Service Level Agreements (SLAs) are what you contract. They’re the external promises you make to customers, often with financial penalties if you break them. An SLA typically has a looser target than the SLO (to give you breathing room) and includes consequences. For instance: “99.5% uptime per month, or we’ll issue a service credit.” SLAs are legally binding; SLOs are not.

Here’s the relationship:

graph LR
    A["SLI<br/>(Measure)"] -->|"Set targets for"| B["SLO<br/>(Internal Goal)"]
    B -->|"Communicate as"| C["SLA<br/>(External Promise)"]
    C -->|"Back by"| D["Error Budget<br/>(Reliability Currency)"]
    style A fill:#e1f5ff
    style B fill:#fff3e0
    style C fill:#fce4ec
    style D fill:#f3e5f5

The key insight: Your SLO should be stricter than your SLA. If your SLA promises 99.5% uptime, your SLO might be 99.9%. This buffer—the difference between your internal target and your external promise—is your safety margin.

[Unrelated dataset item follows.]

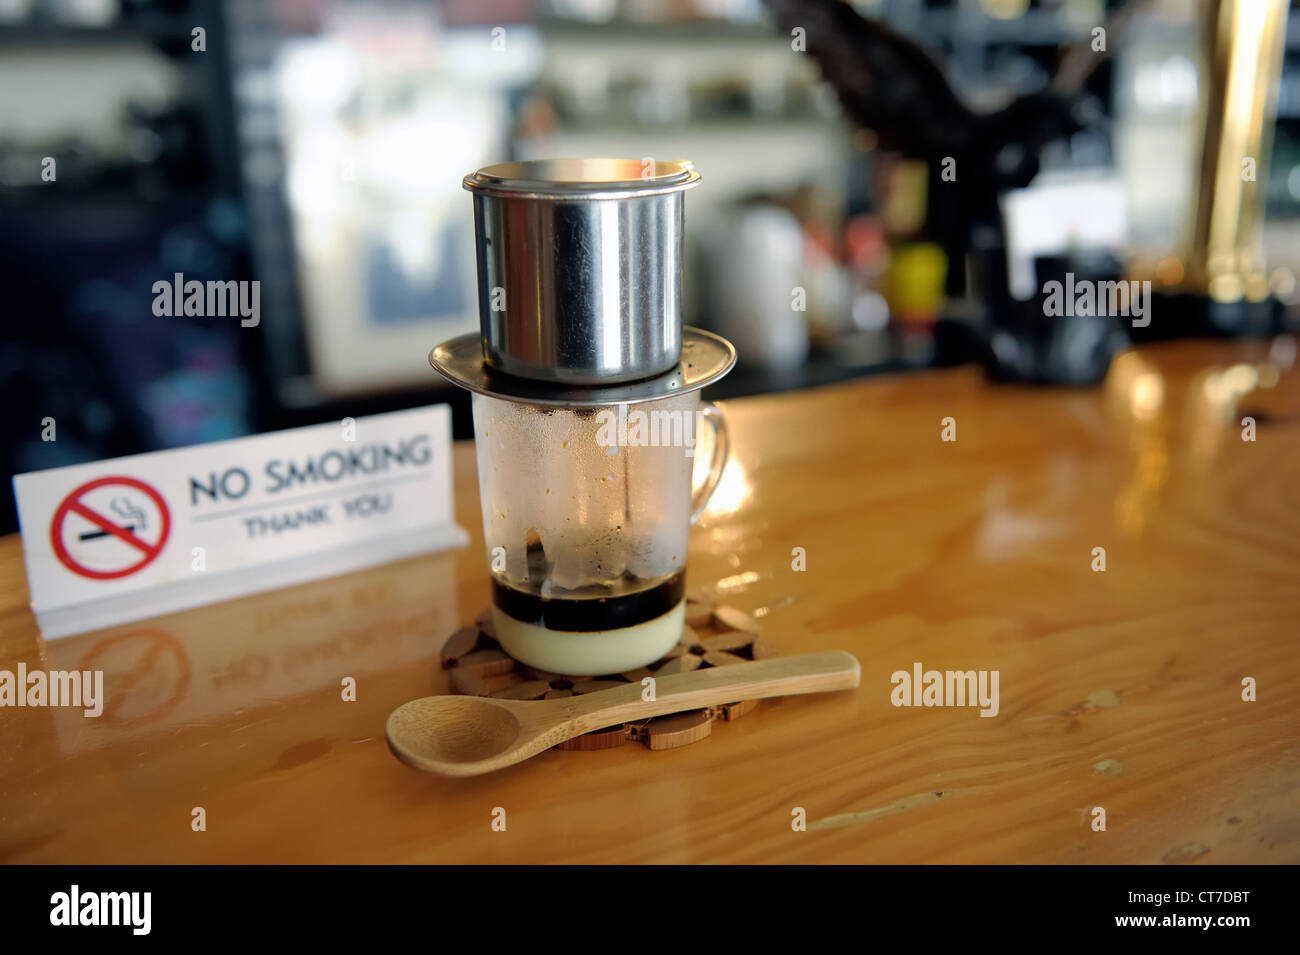 A local café in Okinawa, Japan proudly serves Vietnamese coffee while kindly asking patrons to refrain from smoking. Stock Photo

Error Budgets: Spending Reliability Like Currency

Here’s a radical idea: you shouldn’t always be 100% reliable, and you shouldn’t try to be.

If you promise 99.9% uptime, you’re actually promising 99.9% success. Rearranged, that means you have a budget of 0.1% downtime (or failures). Over a month, 0.1% of 43,200 minutes is about 43 minutes of allowed downtime. That’s your error budget.

Think of it like money in a bank account. You can:

  • Spend it on shipping features faster (with less testing)
  • Spend it on deploying risky updates
  • Spend it on infrastructure experiments
  • Save it for emergencies (traffic spikes, security patches)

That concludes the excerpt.